The films will be remastered just like they were for bluray.
No, they won't: not
really.
If you shoot on film but do all your post-production work in 2K, including outputting everything for a 2K digital intermediate, you're essentially stuck with 2K. If you shoot at 4K (or 5K, 6K, etc.) to build a 2K digital intermediate, you're essentially stuck with 2K. Again, practically everything -- from 15 years ago to today -- is finished at 2K. Of the seven movies Fox announced yesterday for UHD BD, only one (!) has a 4K digital intermediate. The rest will be upscaled on UHD BD.

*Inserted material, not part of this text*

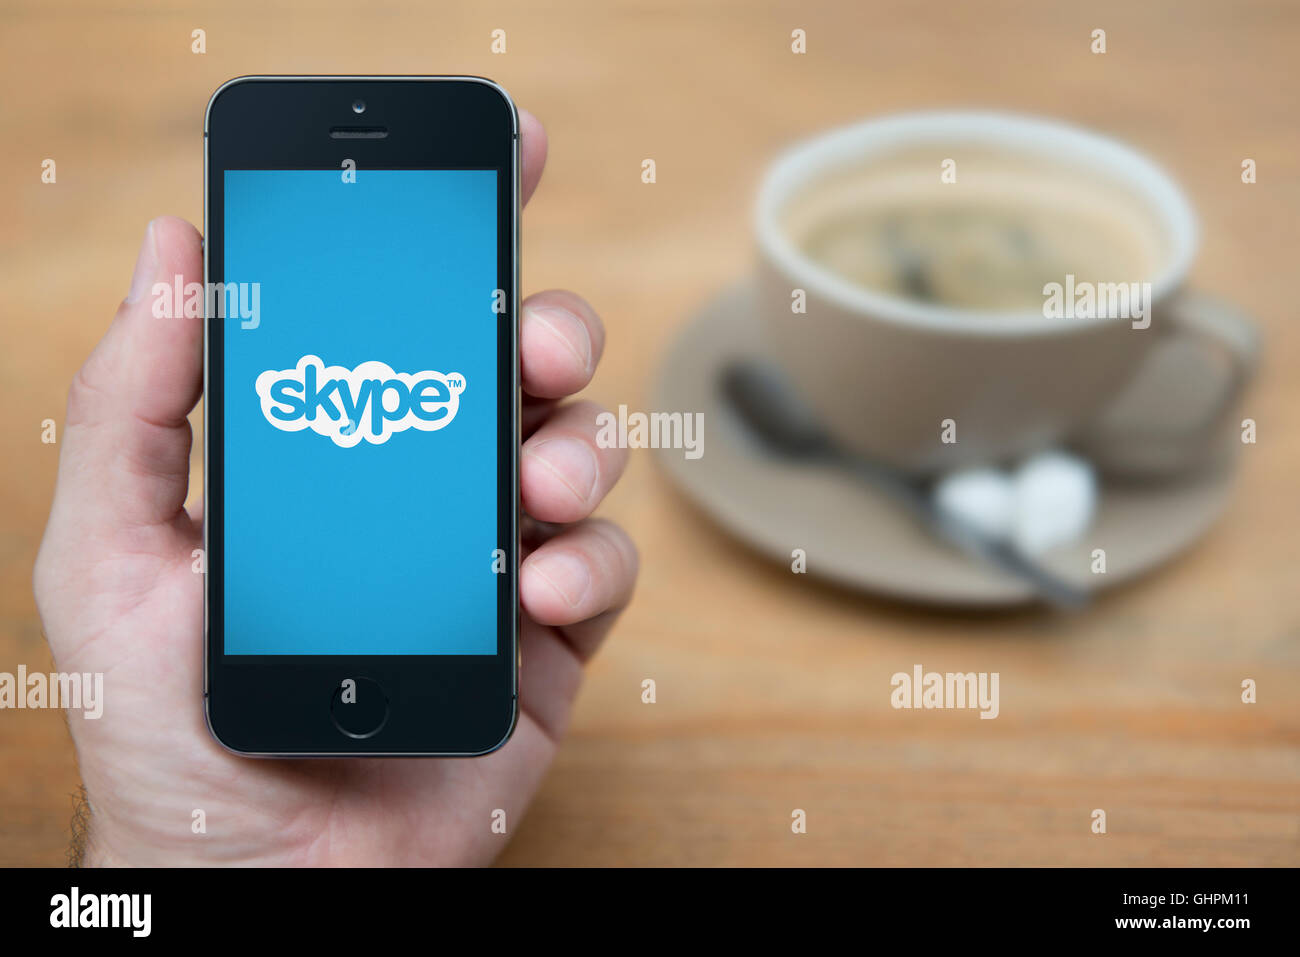 A man looks at his iPhone which displays the Skype logo, while sat with a cup of coffee (Editorial use only). Stock Photo

The remastering process for movies with a 2K DI bears zero resemblance to what was done to bring films to Blu-ray. You're not rescanning a movie; you're re-editing it, redoing the effects, etc. (unless you just upscale it, which is what will be done in all but a tiny handful of cases). It's not unprecedented;
Star Trek: The Next Generation and
Seinfeld did something similar to make it to HD, but this will almost never happen. If
Jurassic World won't pony up for a 4K DI for theaters, why would they go to that staggeringly huge expense for UHD BD, Netflix 4K, etc. where they'll never recoup that investment?
Well, what I'm saying about remastering is true if we're talking about properly bringing them to 4K. Ultra HD Blu-ray has more in its quiver than just resolution, and HDR and a wider color gamut will make a lot of movies finished at 2K look better on UHD BD than they do on traditional BD. Fox is gone back to several of their movies and given them the HDR treatment.

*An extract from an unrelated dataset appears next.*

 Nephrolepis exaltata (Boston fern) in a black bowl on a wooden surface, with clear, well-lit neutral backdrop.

As far resolution goes, though, before you respond with "no, but...", sorry, the answer is still the same. If a movie from the digital intermediate era wasn't finished at 4K, no matter how it was shot, there's a 99.9% chance it'll be upscaled on UHD BD.
Not only that but movies shot in 4k with 2k effects were still shot in 4k!

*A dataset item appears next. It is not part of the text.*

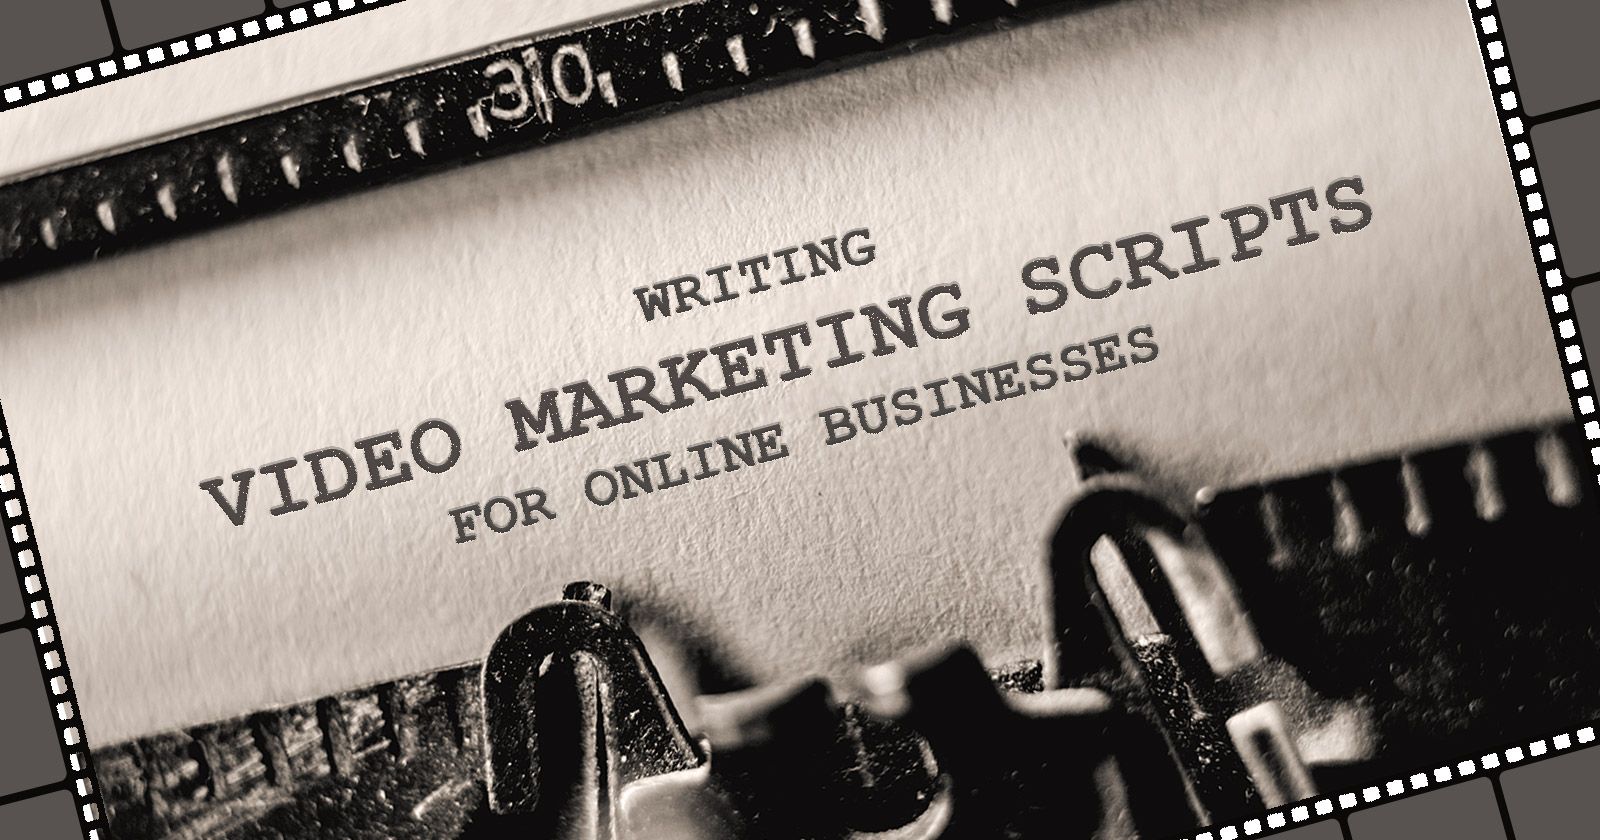 9 Tips for Writing Video Marketing Scripts for an Online Business

But it doesn't matter. The number of movies shot in 4K or higher with 2K effects and a 4K digital intermediate approaches zero. For this conversation, whether or not a movie was shot in 4K is irrelevant if it wasn't finished in 4K.
Using your hobbit example the special effects in the original trilogy look soft in plenty of scenes because they weren't don't with bluray in mind. Did that stop them from being released? Did people say "meh the special effects look soft!" Nope.
The effects were done in 2K, which is slightly higher res than Blu-ray.